▶ _Input data_:
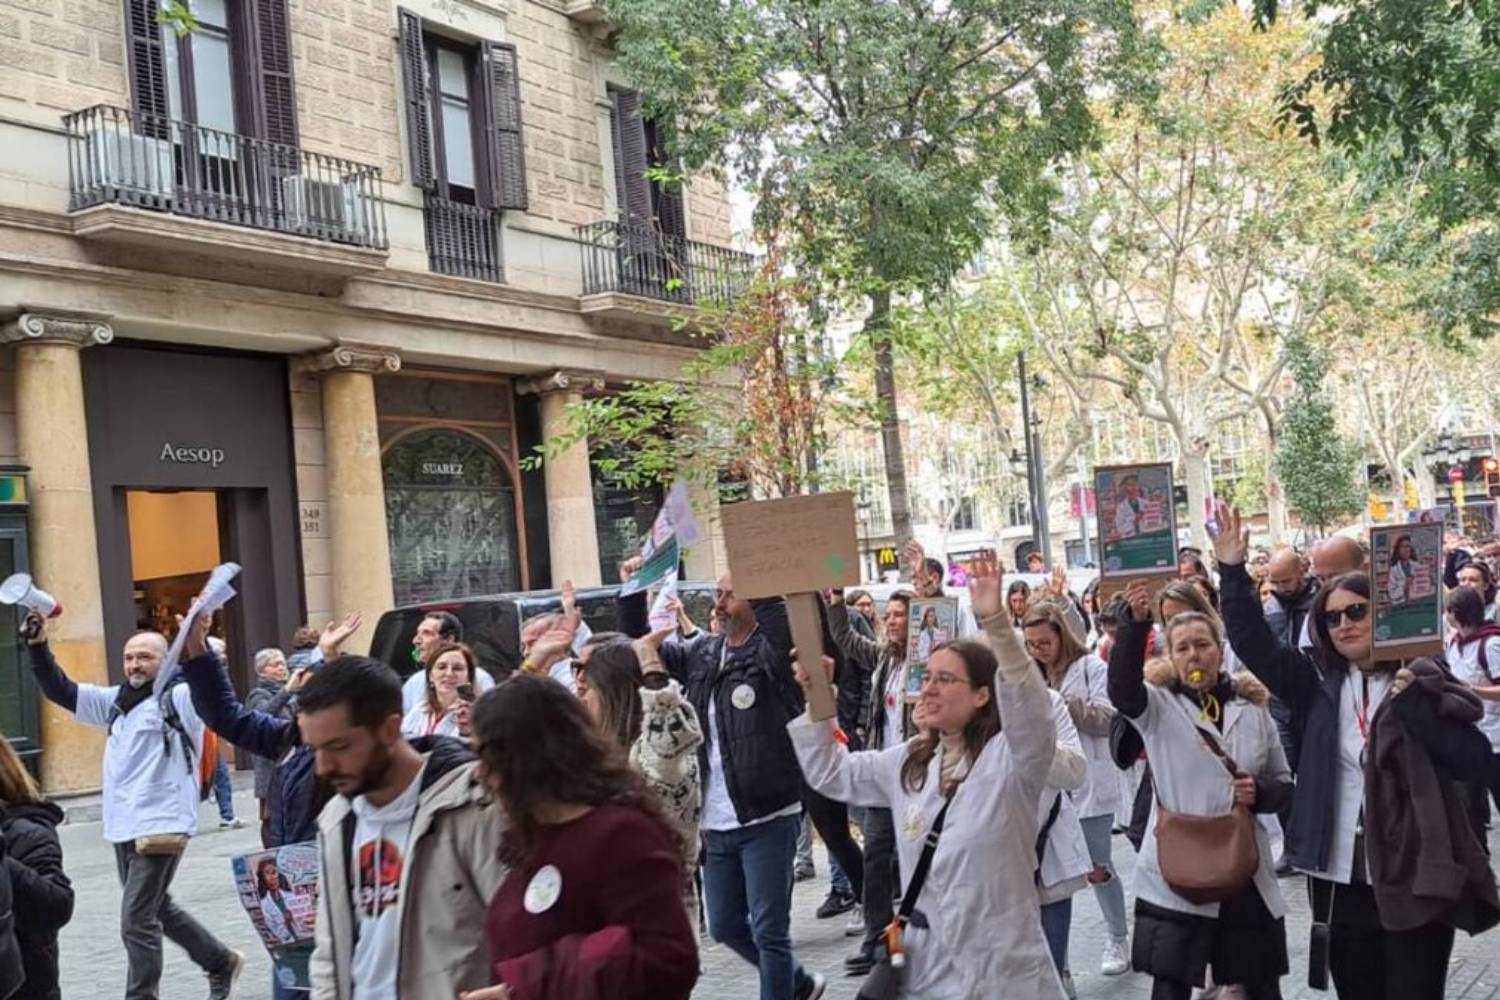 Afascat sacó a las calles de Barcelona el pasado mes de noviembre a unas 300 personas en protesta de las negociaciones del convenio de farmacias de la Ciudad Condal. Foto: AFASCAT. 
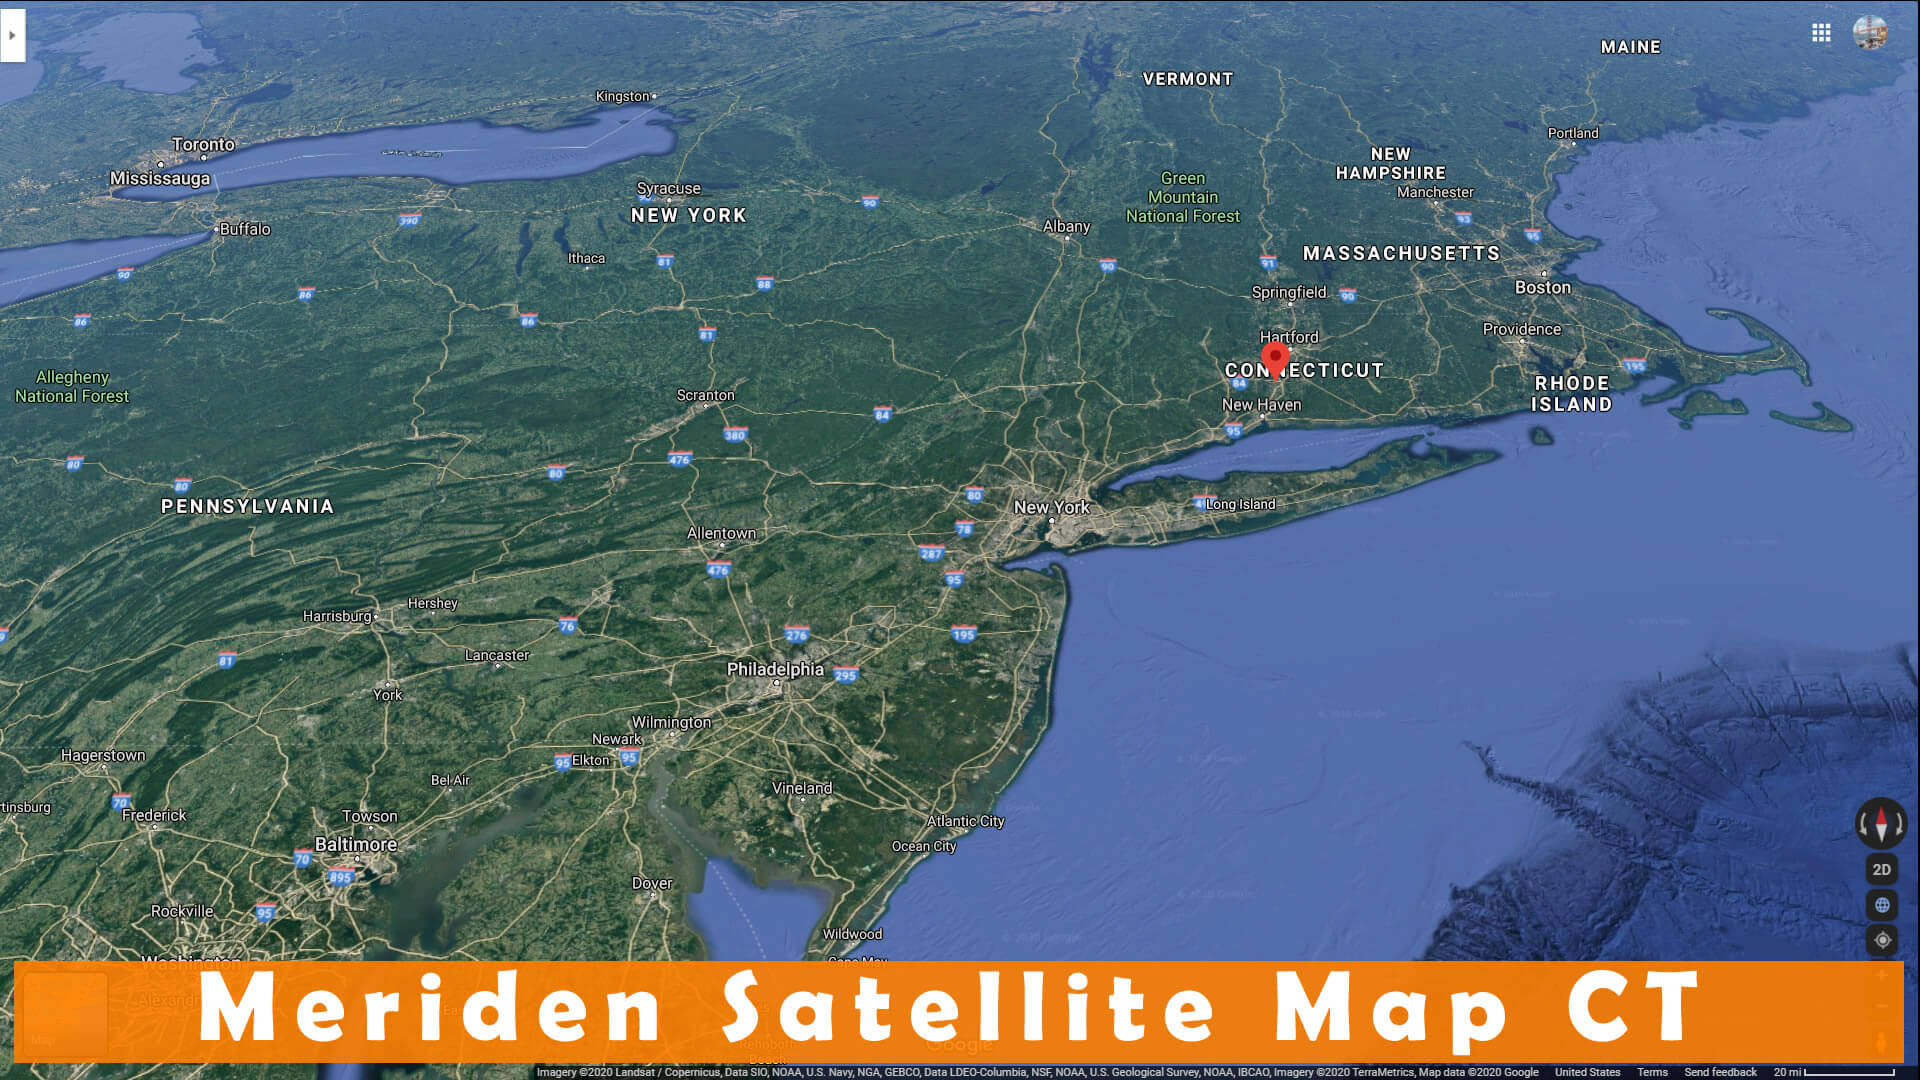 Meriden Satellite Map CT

--

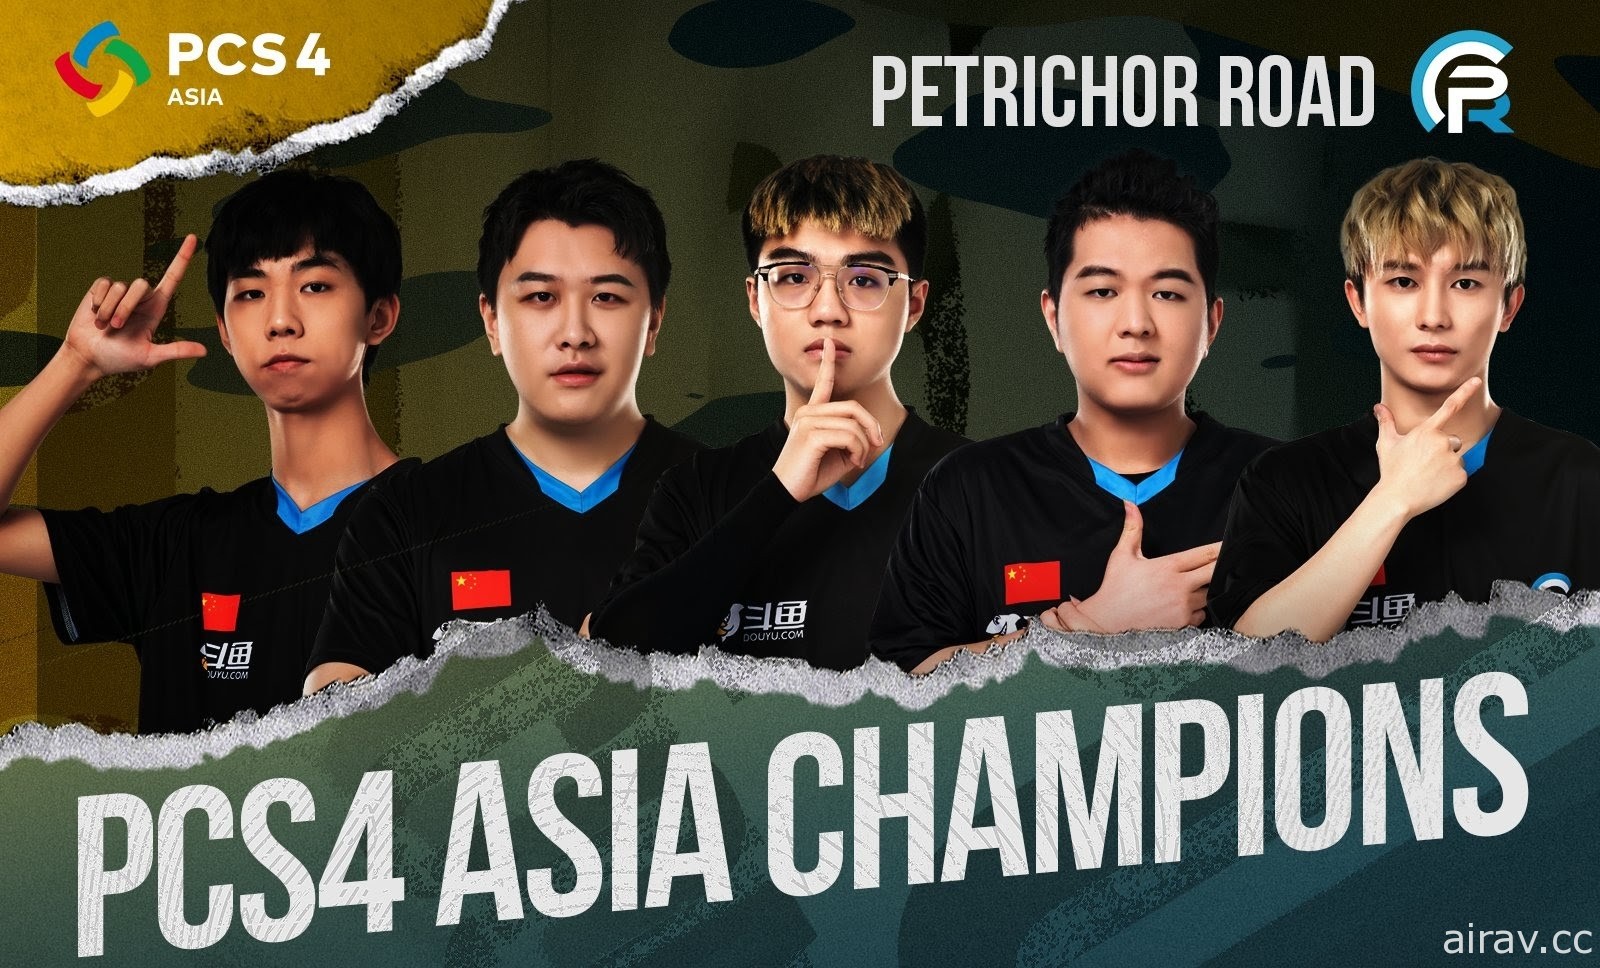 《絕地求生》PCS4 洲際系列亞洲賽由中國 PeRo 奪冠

---

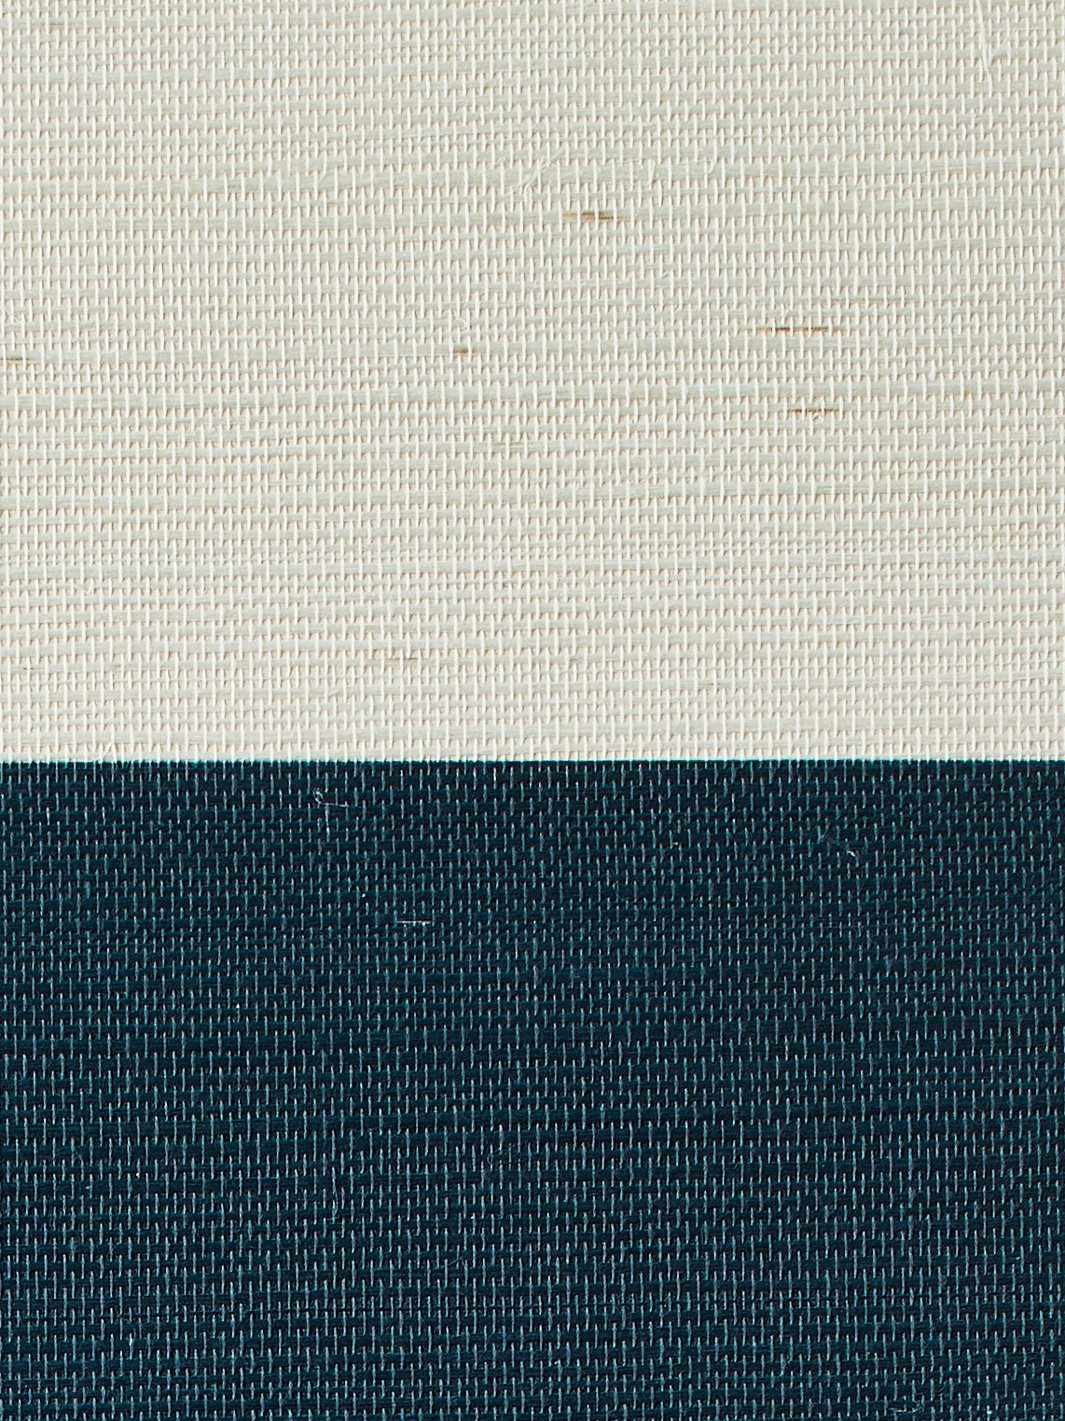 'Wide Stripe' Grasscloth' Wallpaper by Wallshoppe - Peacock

▶ _Your assignment_: Lines from the one above containing "Afascat sacó a" down to the one containing "Meriden Satellite Map CT" should be transcribed exactly, with both ends kept and no pictures.

▶ _Response area_:
 Afascat sacó a las calles de Barcelona el pasado mes de noviembre a unas 300 personas en protesta de las negociaciones del convenio de farmacias de la Ciudad Condal. Foto: AFASCAT. 
 Meriden Satellite Map CT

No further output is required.